Professor of StatisticsUniversity of Texas, McCombs School of Business
Structure and Sparsity in High-Dimensional Multivariate Analysis
As scientific problems grow in terms of both expanding parameter dimension and sample sizes, structure and sparsity become central concepts in practical data analysis and inference. By allowing complex high-dimensional problems to be modeled through low-dimensional underlying relationships, sparsity helps to simplify estimation, reduce computational burden and facilitate interpretation of large scale datasets. This dissertation addresses the issue of sparsity modeling primarily in the context of Gaussian graphical models and sparse factor models. Chapter 1 contextualizes the dissertation by introducing the way sparsity models are discussed throughout this work. Chapter 2 introduces the basic theory of Gaussian graphical models and central elements of Bayesian analysis in this class of models. Chapter 3 is concern with problem of model determination in graphical model space. Existing methods are tested in high-dimensional setups and a novel parallel stochastic search method is described. Both decomposable and non-decomposable graphs are considered. Examples of moderate (12-20) to large (150) size are considered, combining simple synthetic examples with data analysis from gene expression studies. Chapter 4 develops a efficient method for direct simulation from the hyper-inverse Wishart prior/posterior on any defined graphical model. This new sampling method provides completion of the simulation toolbox for Bayesian exploration and analysis of Gaussian graphical models under HIW priors. Chapter 5 extends conditional independence ideas from Gaussian graphical models to multivariate dynamic linear models. After presenting the development of this new class of models the chapter focuses on applications of such models in large financial time series portfolio allocation problems.

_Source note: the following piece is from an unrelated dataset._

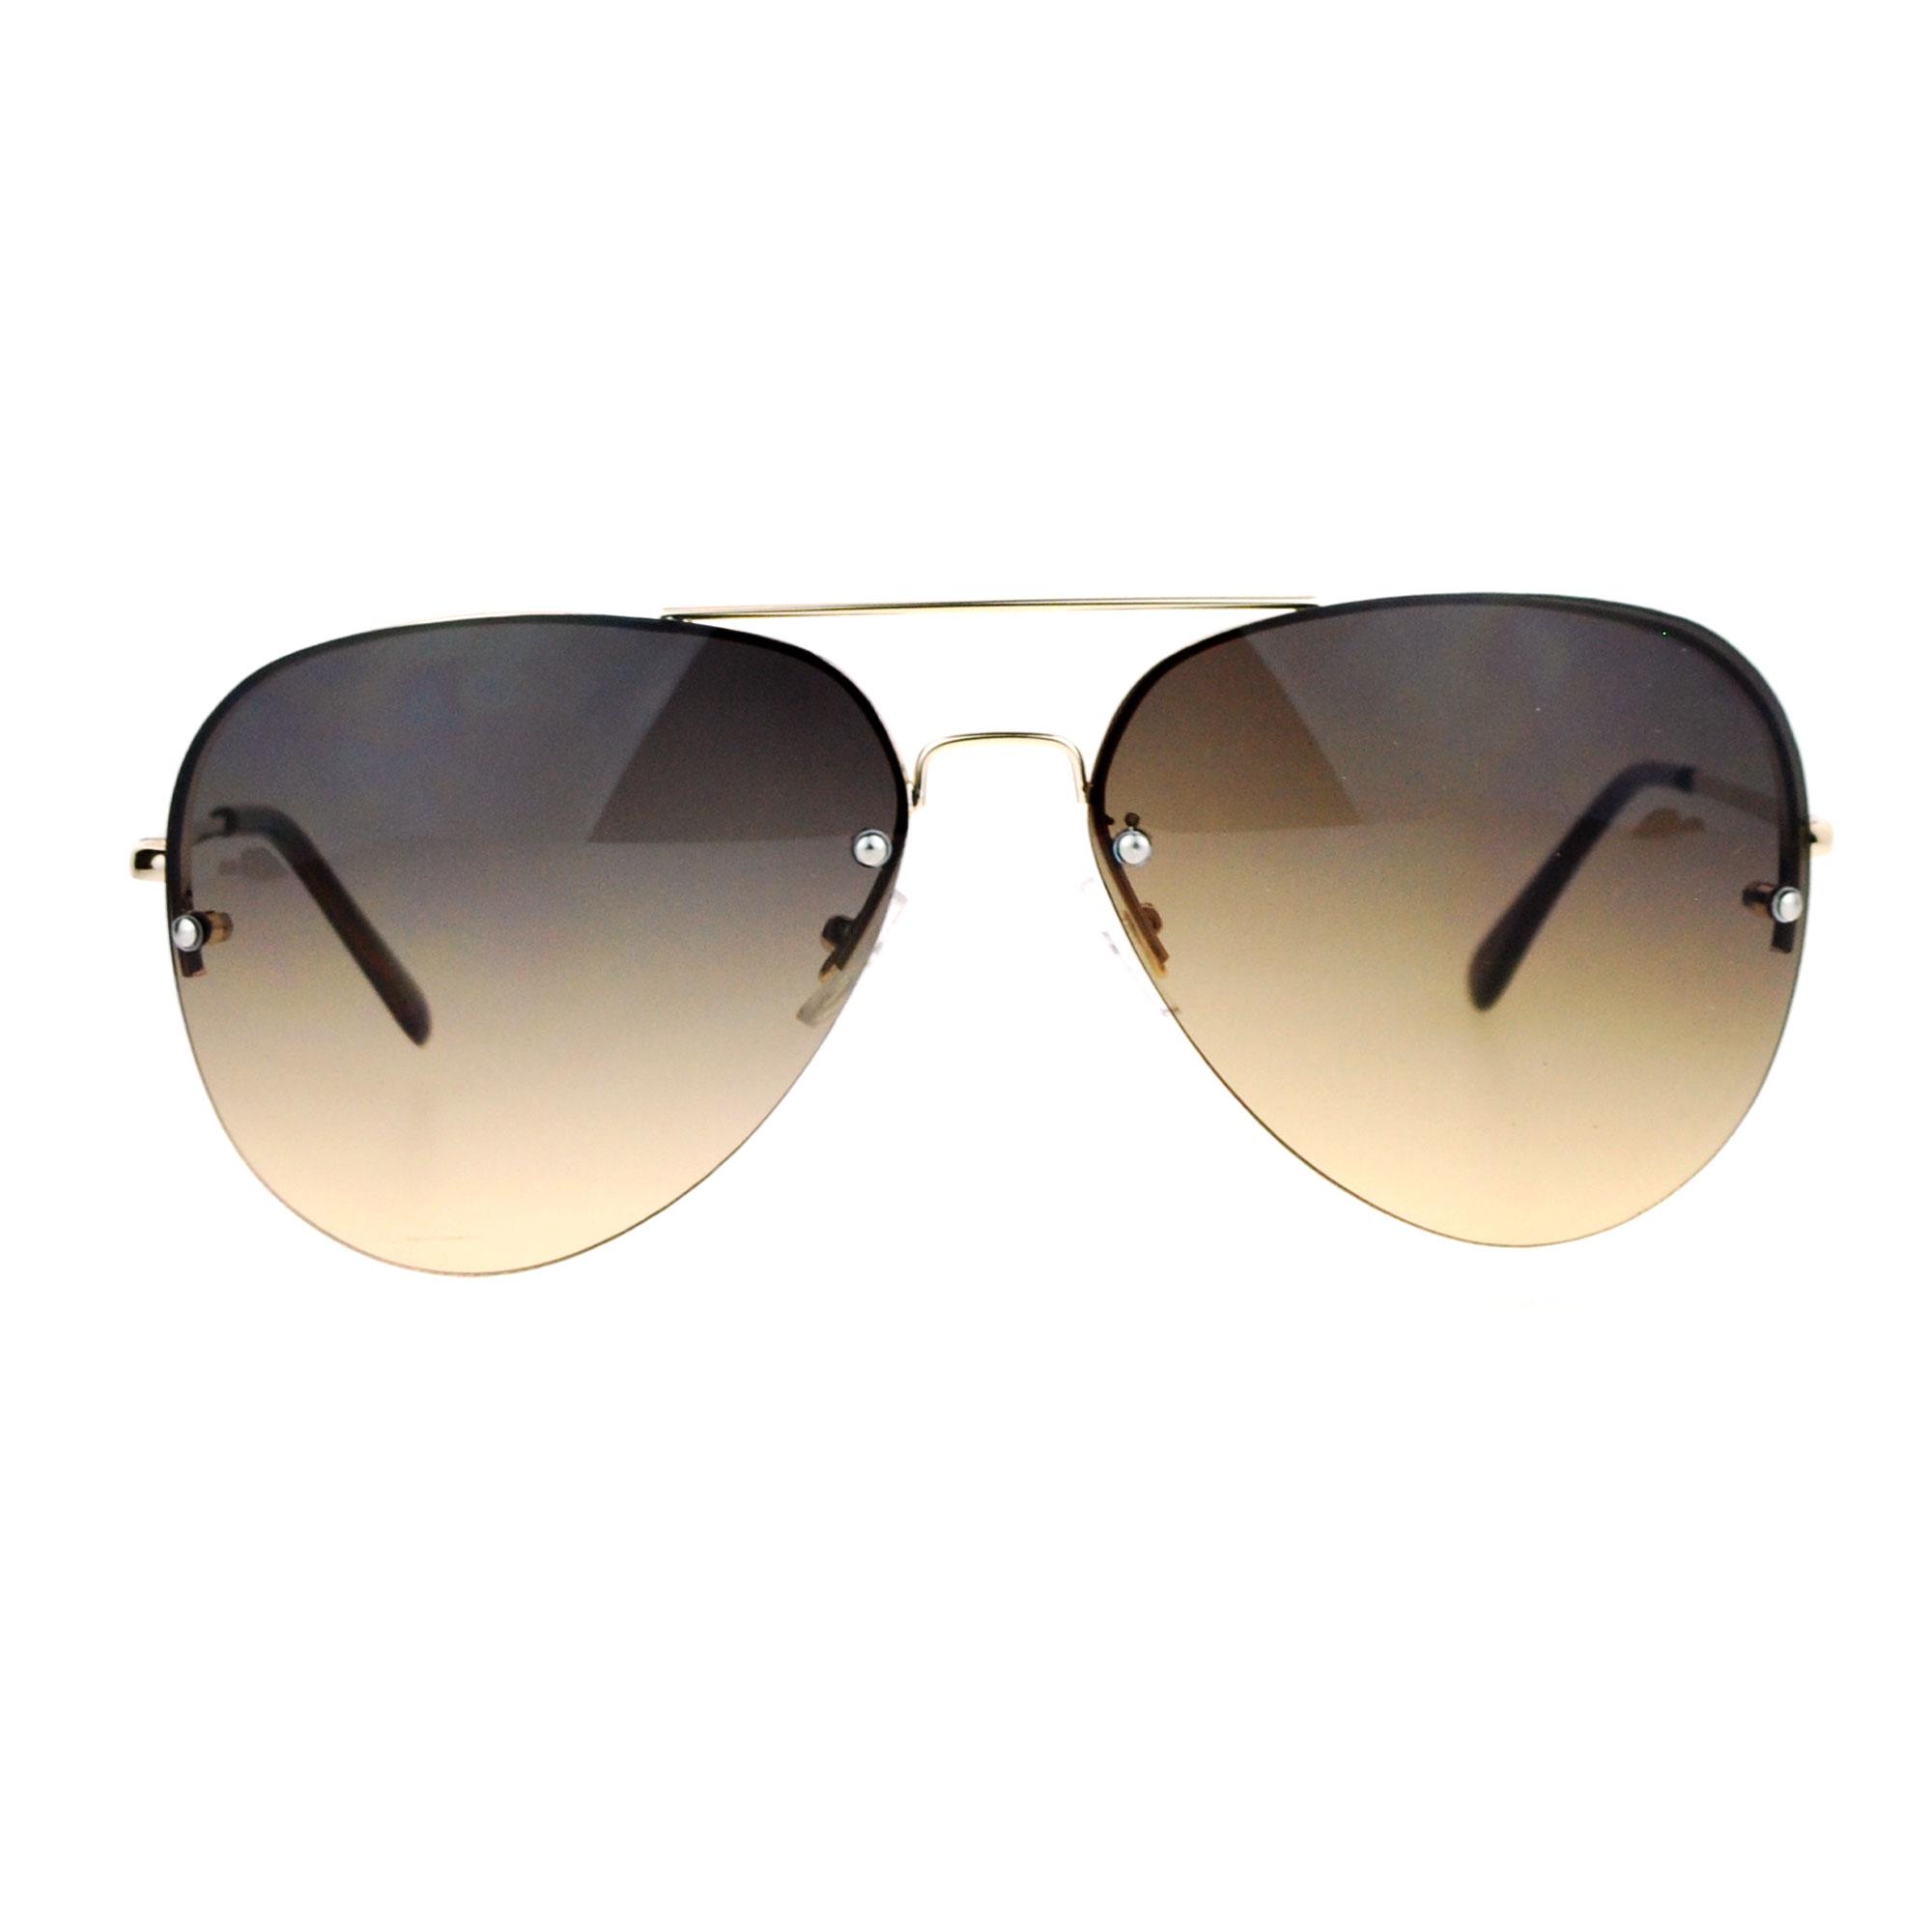 Rimless Aviator Sunglasses : SA106 Color Rimless Oceanic Gradient Aviator Sunglasses eBay

Chapter 6 deals with sparse factor models where model search and fitting are addressed through stochastic simulation (MCMC) and a novel computational strategy involving a evolutionary search to address the issue of identifying variables for inclusion. This forms a first, Bayesian ``projection pursuit'' method relevant in high-dimensional factor and structure analysis. Examples are drawn from genomic studies where factor models aim to identify multi-dimensional biological patterns related to oncogenic pathways. Finally, Chapter 7 summarizes the dissertation and discusses possible generalizations and future work.